From 1920 until 1921, Cook was a fellow in the Medieval and Renaissance Studies. Cook received his Ph.D. from Harvard University in 1924, his dissertation was titled, Romanesque Panel Painting in Catalonia (1924). His doctoral advisor was Chandler Rathfon Post.

== Career ==
In 1926, Cook joined New York University as faculty, and by 1932 he was made professor. By 1935, he was made a director of the graduate center and started recruiting eminent art history professors that were fleeing Germany (as Adolf Hitler's leadership was growing). Some of those recruited professors were in a visiting scholar or temporary appointment capacity, these included Erwin Panofsky, Walter Friedlaender, Karl Leo Heinrich Lehmann, Martin Weinberger, Adolph Goldschmidt, Otto Homburger, Marcel Aubert, Henri Focillon, Alfred Salmony, Rudolf Wittkower, Jurgis Baltrušaitis, Wolfgang Lotz, among others. Cook had many notable students, including Harry Bober, and Mildred Steinbach.
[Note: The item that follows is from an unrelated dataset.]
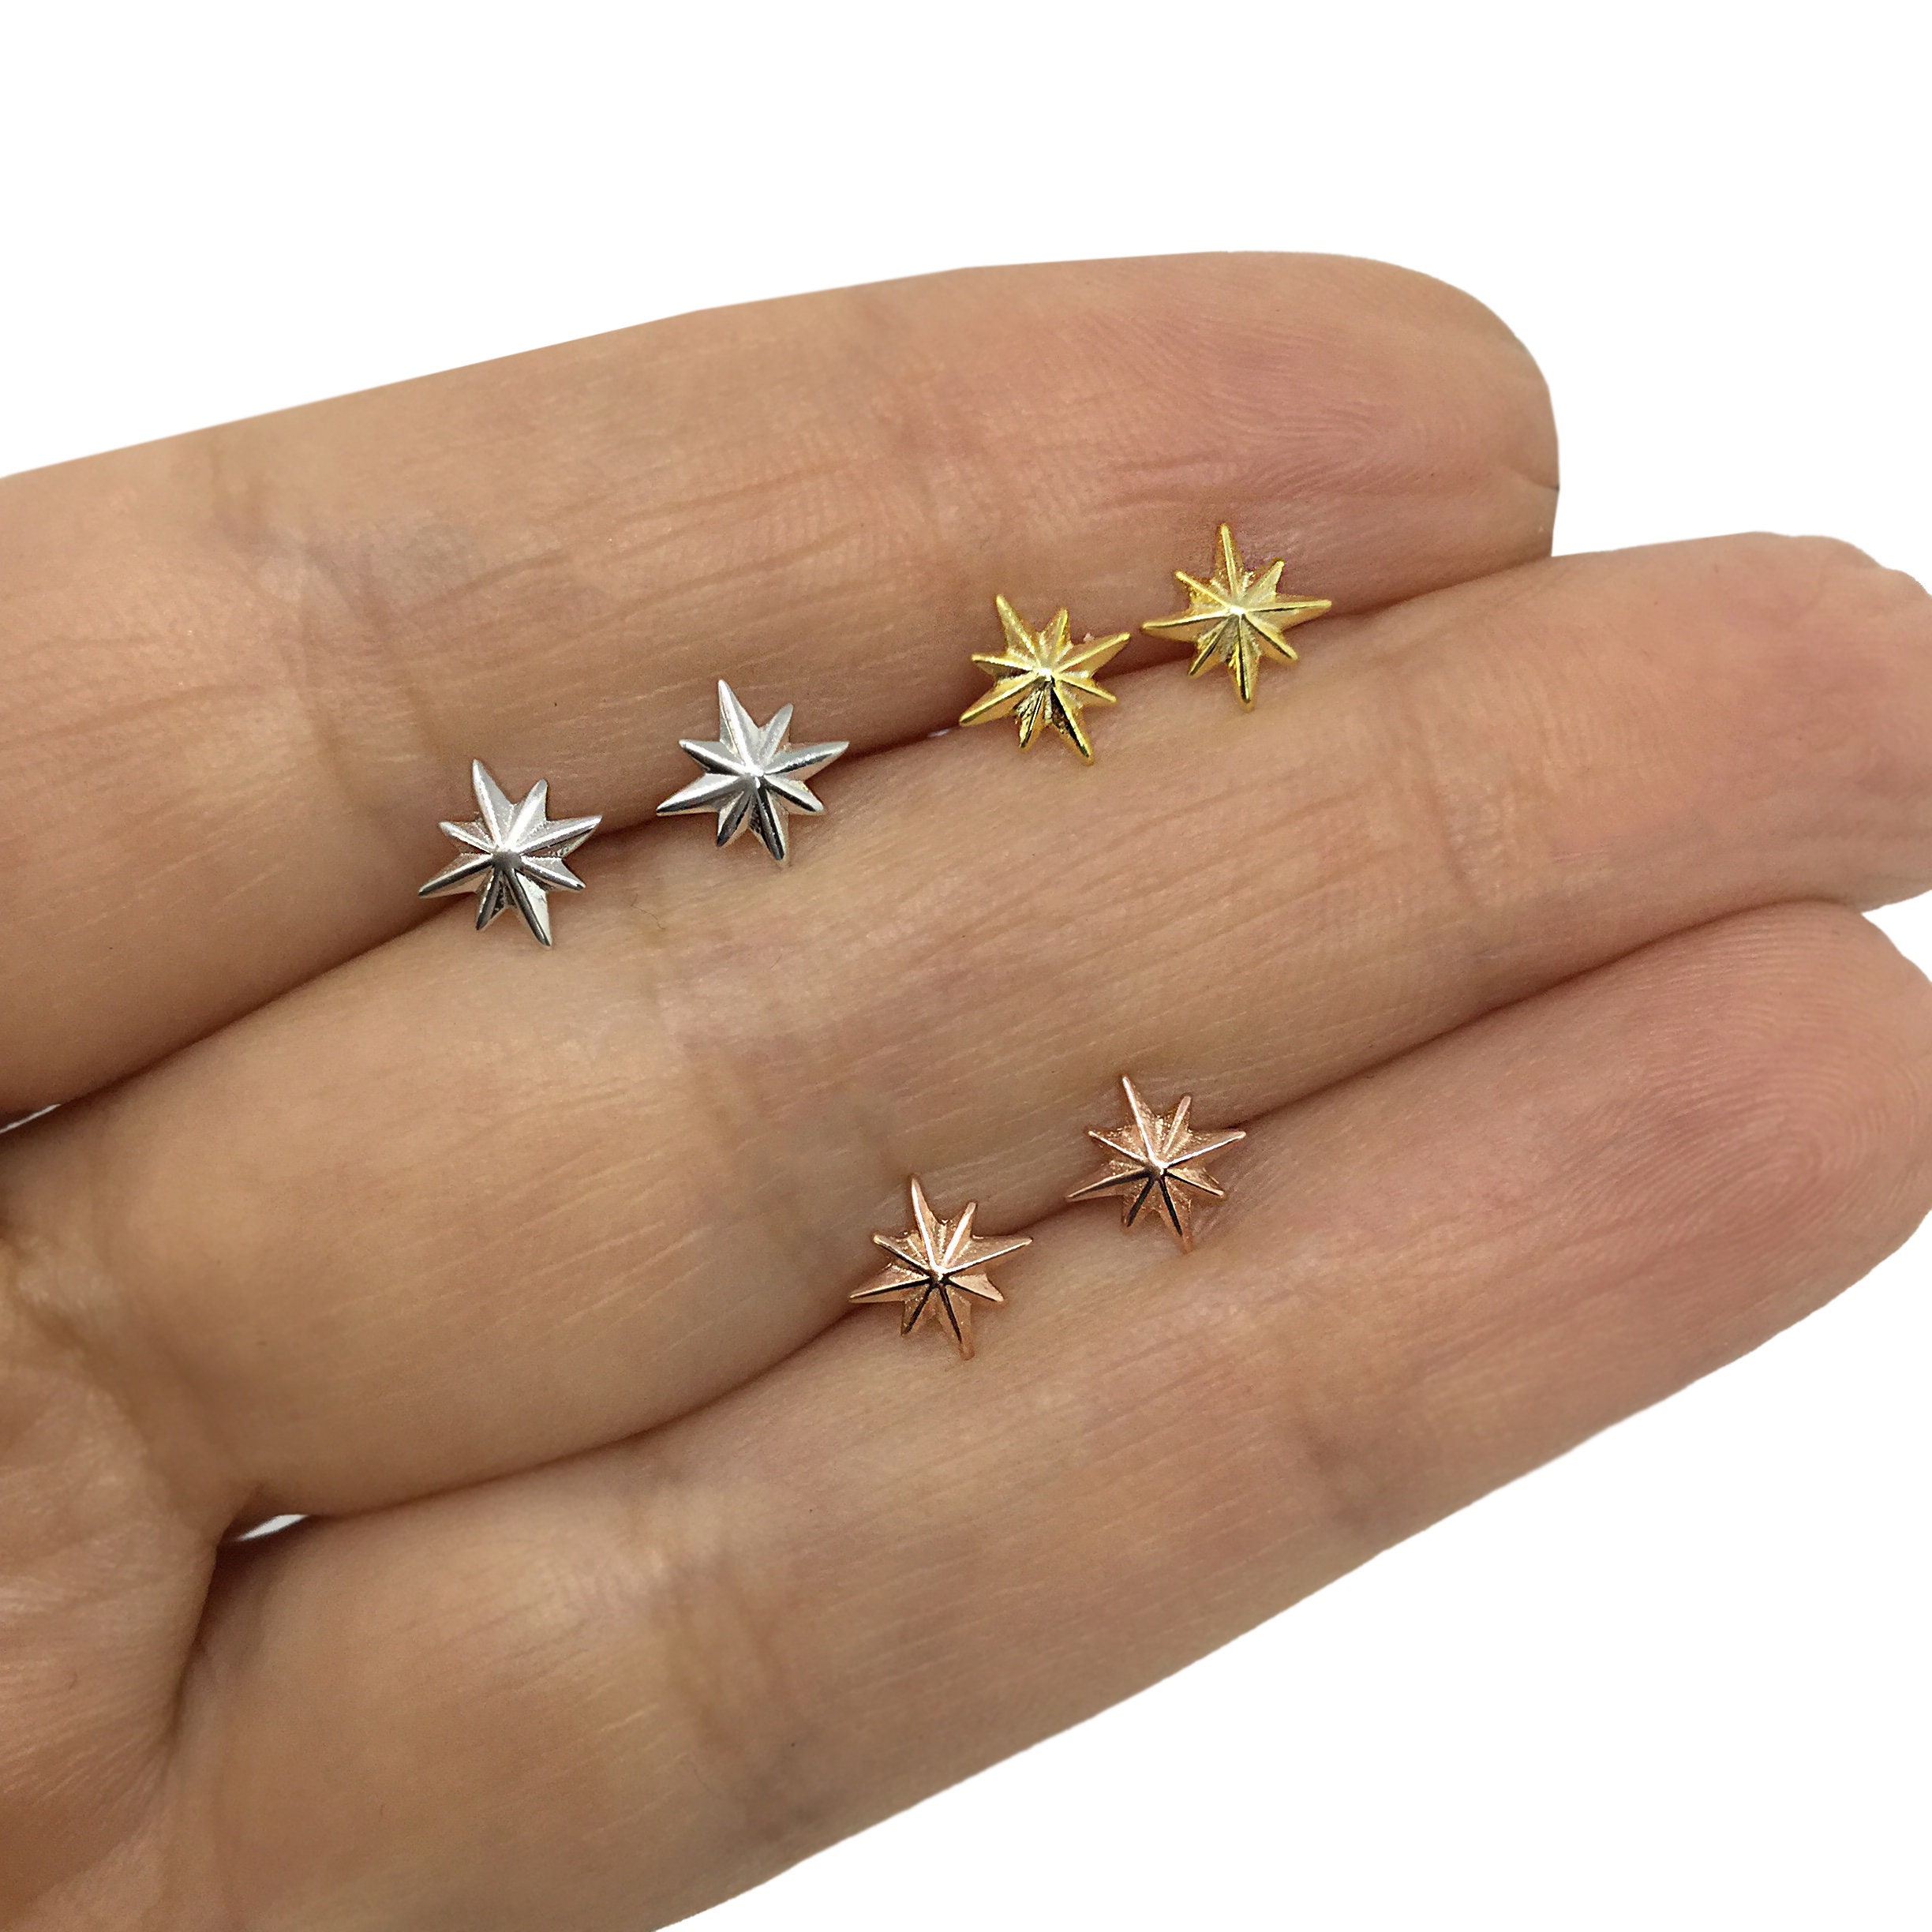 9ct Gold Star Hoop Earrings | Posh Totty Designs

In 1950, Cook and José Gudiol Ricart issued Pintura e Imagineria Romanicas for the important Ars Hispaniae book series. Cook was one of only two English-speaking scholars author a volume in the set, and one of very few foreign authors.

Cook built up the photographic archive of Spanish manuscripts at the Frick Art Reference Library Photoarchive in New York City. In 1953, a special exhibition was held in his honor at The Cloisters in New York City.

Starting in 1936 he was a fellow of the Medieval Academy of America; from 1938 the president of the College Art Association, becoming the honorary director in 1947; he was awarded the Gold Order of Isabella la Catolica and the Medal of the Hispanic Society of America. In the 1940s, Cook served on the editorial board of Art in America magazine.

On 20 September 1962, he died at sea in the Atlantic Ocean, on the ocean liner Leonardo da Vinci returning home from Genoa.

== Publications ==
These are a select list of publications by Cook.

=== Books ===
- McComb, Arthur (1924). "Art Studies: Medieval, Renaissance and Modern"
- Cook, Walter W. S. (1924). "The Stucco Altar-Frontals of Catalonia"
- Cook, Walter W. S. (1950). "Ars Hispaniae: Historia Universal del Arte Hispanico; Pintura e Imagineria Romanicas"

=== Articles ===
- Cook, Walter W. S. (1953). "The Wooden Altar Frontal from Buira"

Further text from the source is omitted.